Fully vested and exercisable.
Consists of 10,724 options that are vested and exercisable as of May 8, 2023, and 3,575 options that vest and become exercisable on May 8, 2024.
Given the Company's performance in 2021 and pursuant to the terms of the PSU award agreement, each PSU granted on March 8, 2021 will convert into 1 share of Common Stock upon vesting. The vesting of 1,544 PSUs occurs on March 8, 2024.
Each PSU represents a contingent right to receive shares of Common Stock based upon the degree to which the performance metric contained in the PSU award agreement is satisfied. The number of PSUs reported in columns 7 and 9 of Table II reflects achievement at the target level of performance under the PSU award agreement.

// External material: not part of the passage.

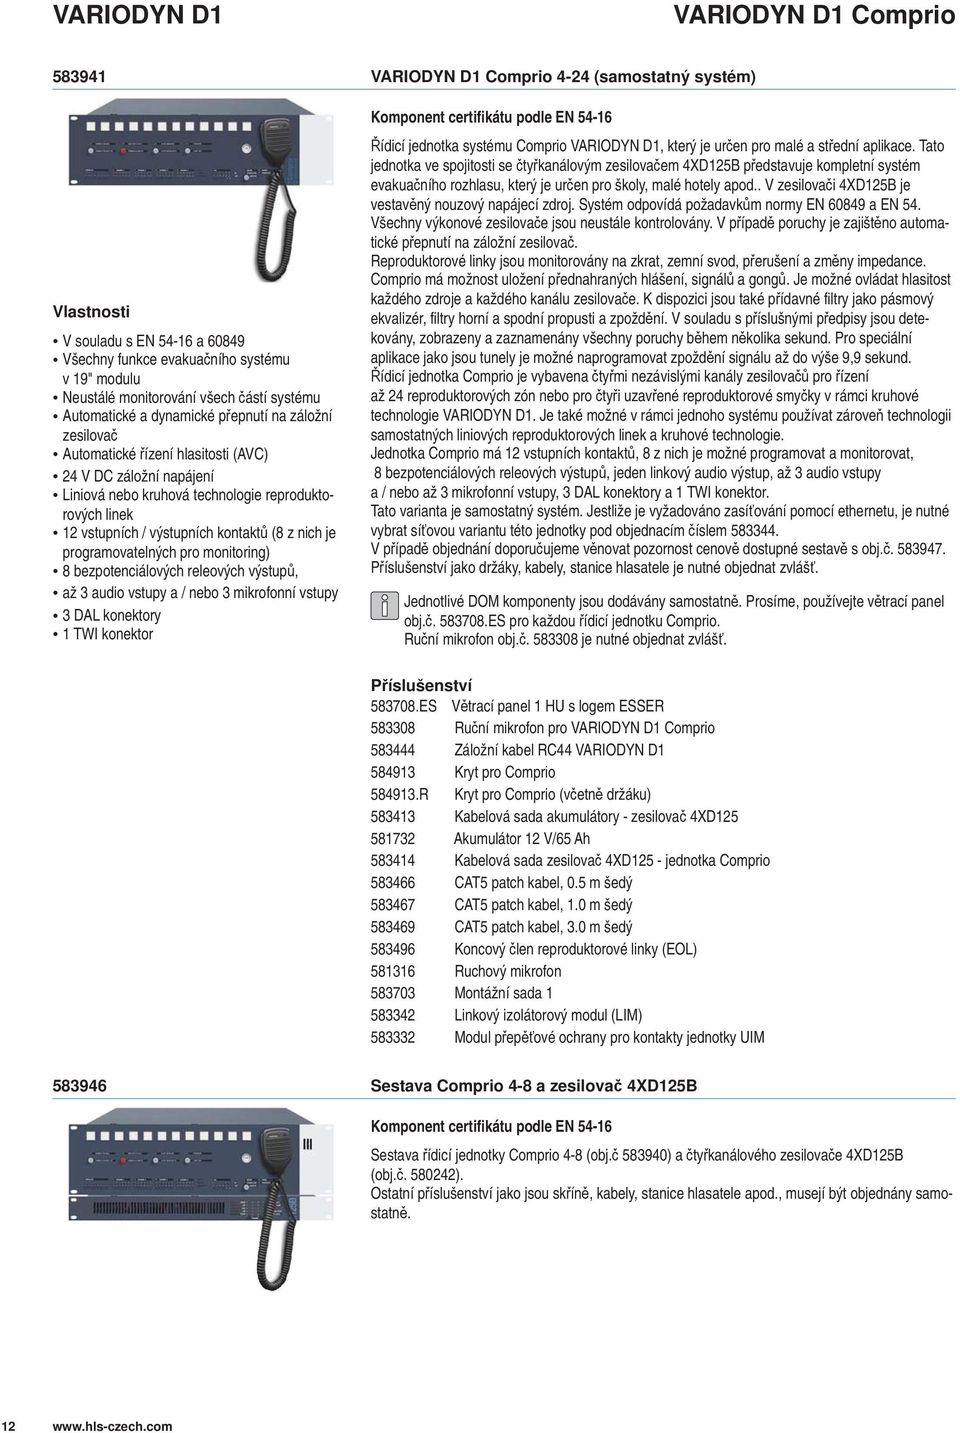 pro monitoring) 8 bezpotenciálových releových výstup, až audio vstupy a / nebo mikrofonní vstupy DAL konektory TWI konektor VARIODYN D Comprio 4-24 (samostatný systém) Komponent certifikátu podle EN

Based on actual results during the period beginning January 1, 2023 and ending December 31, 2025, the aggregate number of shares of Common Stock issued may range from zero shares to 200% of the target number of shares reported in columns 7 and 9 of Table II. The PSUs will only vest if the achievement of the performance metric under the PSU Agreement is certified to have been met by the Compensation Committee or the Board of Directors of the Company, and then any such certified amount will vest on February 28, 2026.
Each PSU represents a contingent right to receive shares of Common Stock based upon the degree to which one or more of the performance metrics contained in the PSU award agreement are satisfied annually over a three year period. The number of PSUs reported in column 9 of Table II reflects achievement at the target level of performance under the PSU award agreement. Based on actual results during each of the preceding periods beginning on January 1 and ending December 31, the aggregate number of shares of Common Stock issued may range from zero shares to 167% of the target number of shares reported in column 9 of Table II. The PSUs will only vest if the achievement of one or more of the annual performance metrics under the PSU award agreement is certified to have been met by the Compensation Committee or the Board of Directors of the Company for the prior period, and then any such certified amount will vest on the anniversary of the date of grant.